» **TASK ITEM**
The material below has pictures in it. Set down only the lines from the line containing "Foto frente fabrica, arquitectura" through the line containing "Kuchnia Z Jadalnia", word for word, and leave the pictures behind.

» **DATASET RECORDS**
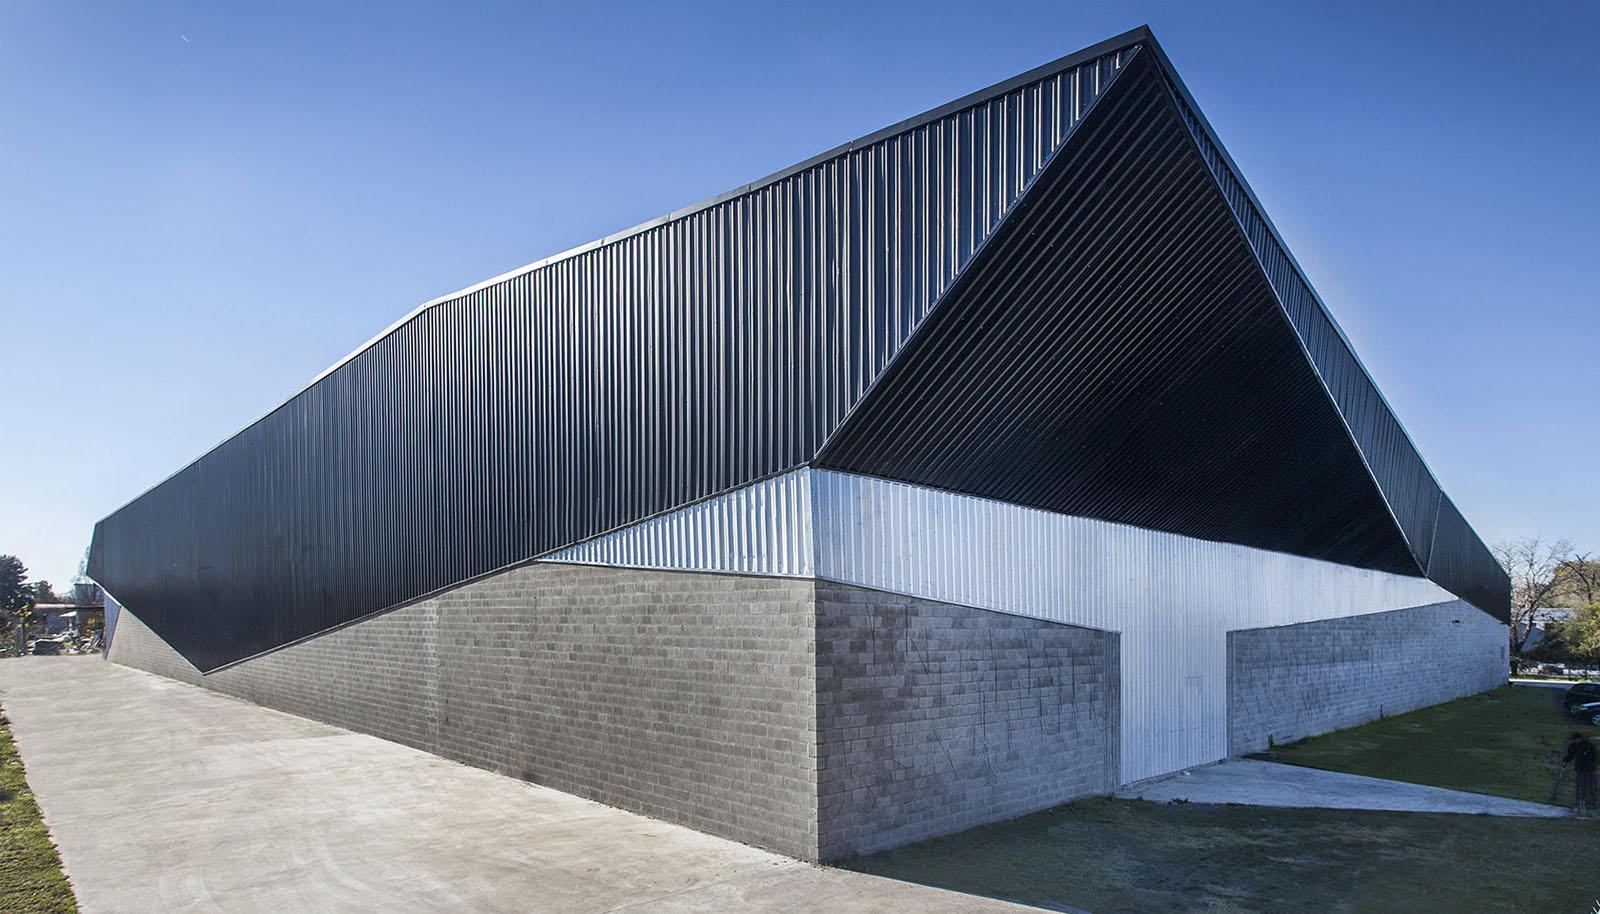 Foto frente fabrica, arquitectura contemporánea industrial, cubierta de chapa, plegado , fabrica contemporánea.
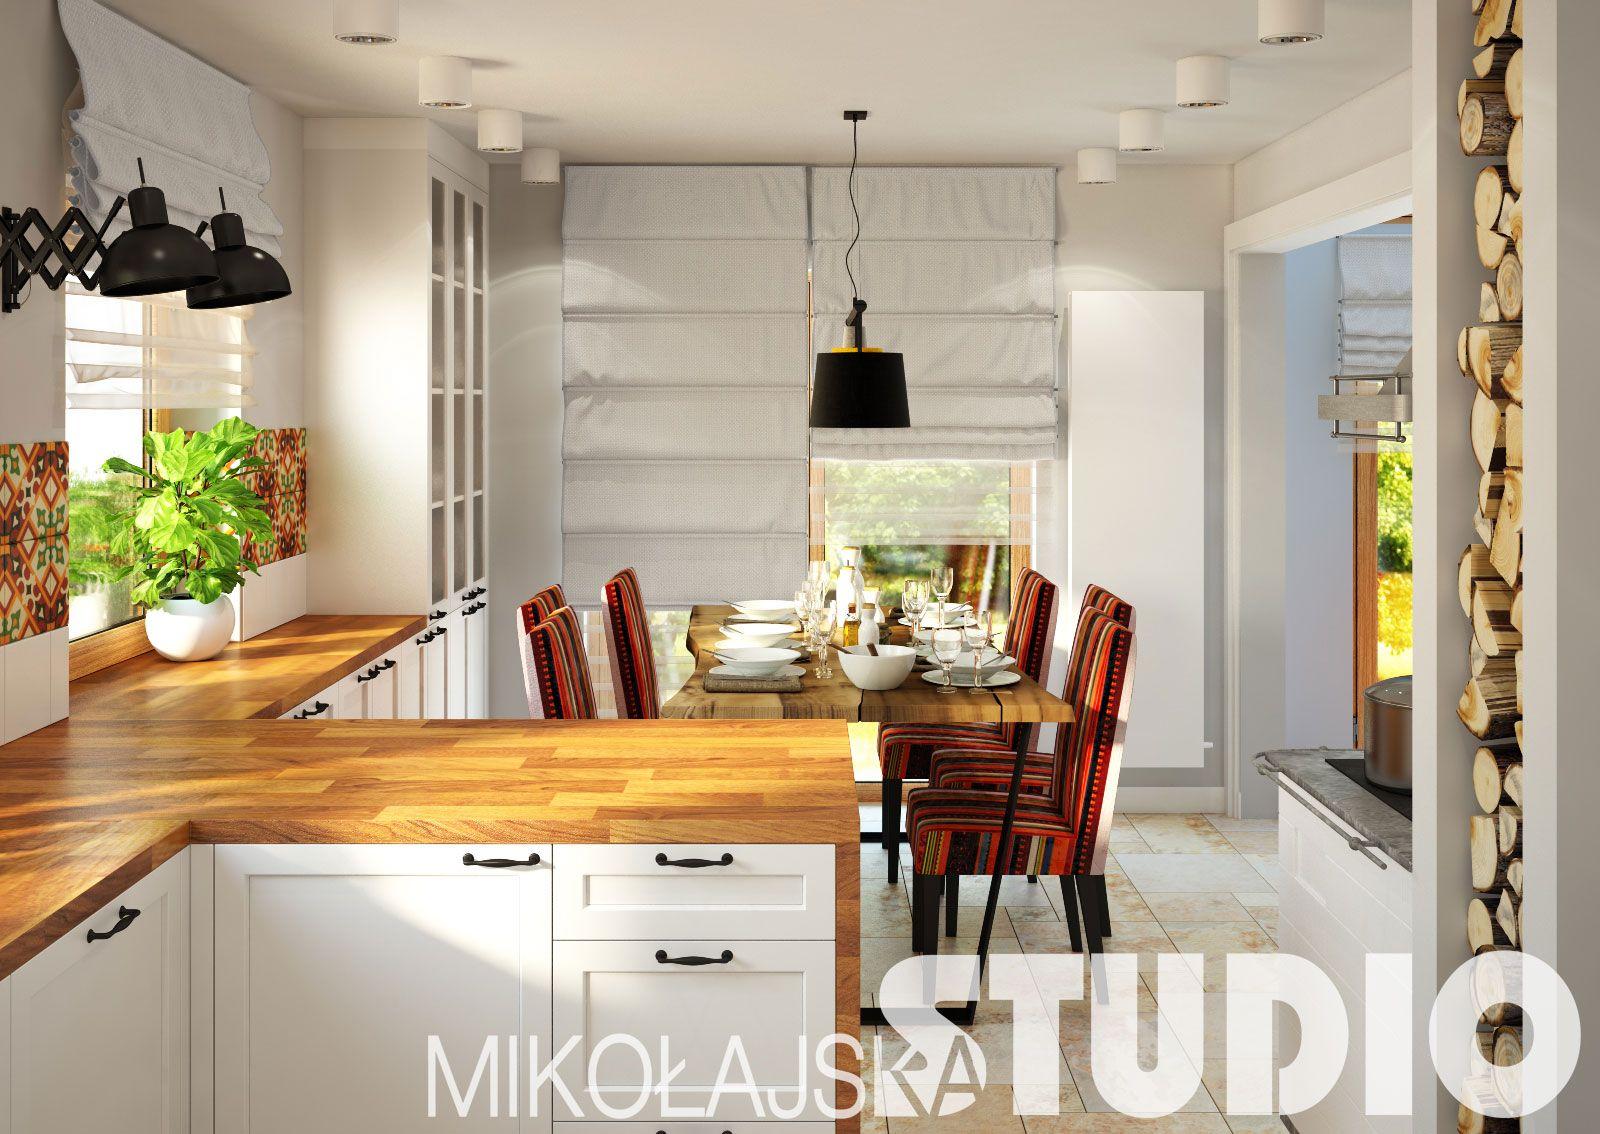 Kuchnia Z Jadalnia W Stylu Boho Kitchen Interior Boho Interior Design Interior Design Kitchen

* * *

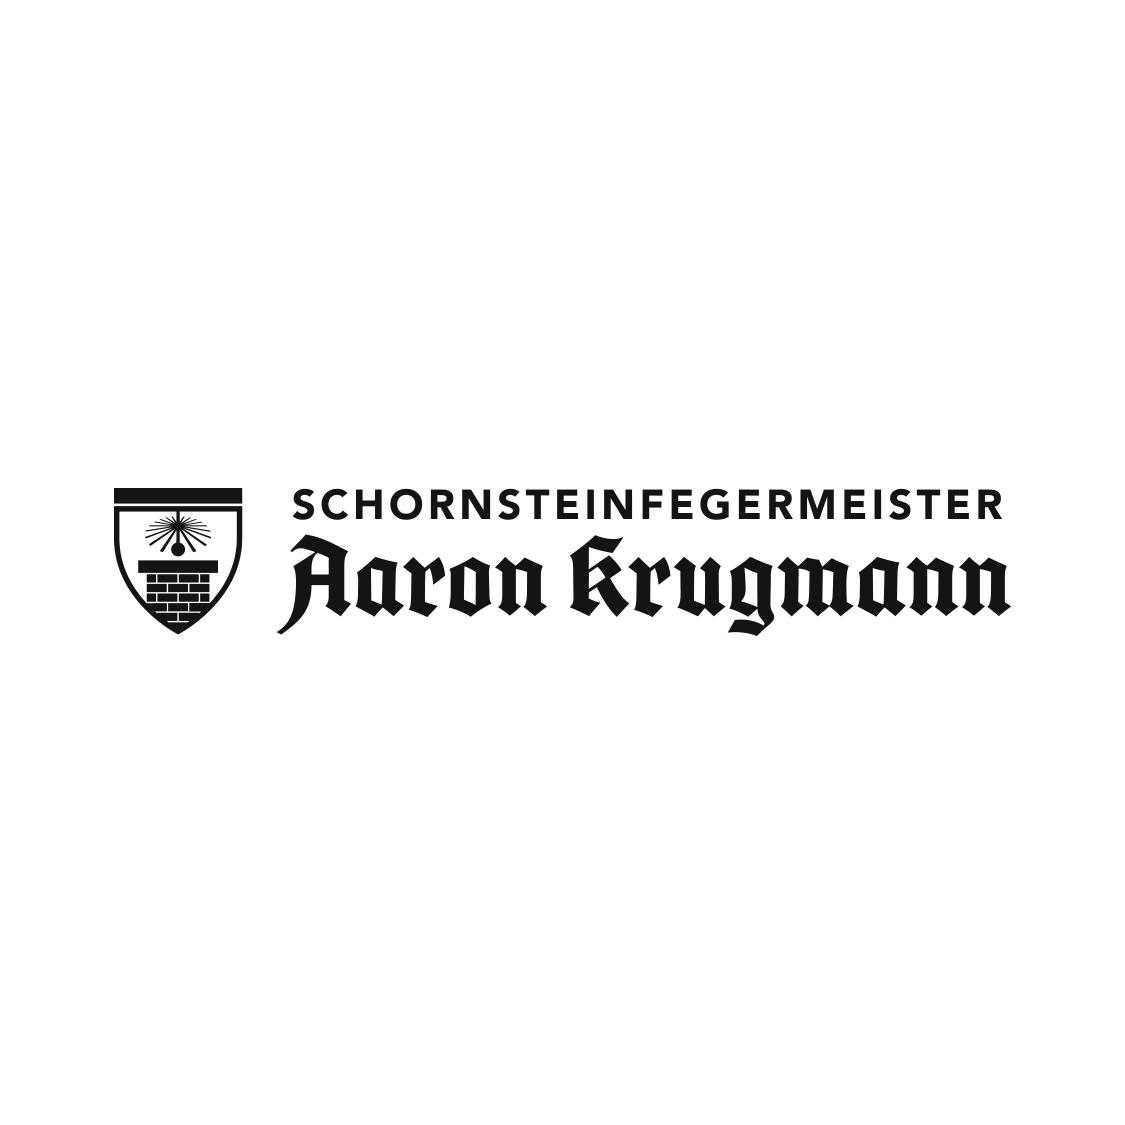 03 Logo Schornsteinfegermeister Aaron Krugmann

==

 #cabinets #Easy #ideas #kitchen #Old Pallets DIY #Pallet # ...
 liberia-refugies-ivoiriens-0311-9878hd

» **ANSWER SECTION**
 Foto frente fabrica, arquitectura contemporánea industrial, cubierta de chapa, plegado , fabrica contemporánea.
 Kuchnia Z Jadalnia W Stylu Boho Kitchen Interior Boho Interior Design Interior Design Kitchen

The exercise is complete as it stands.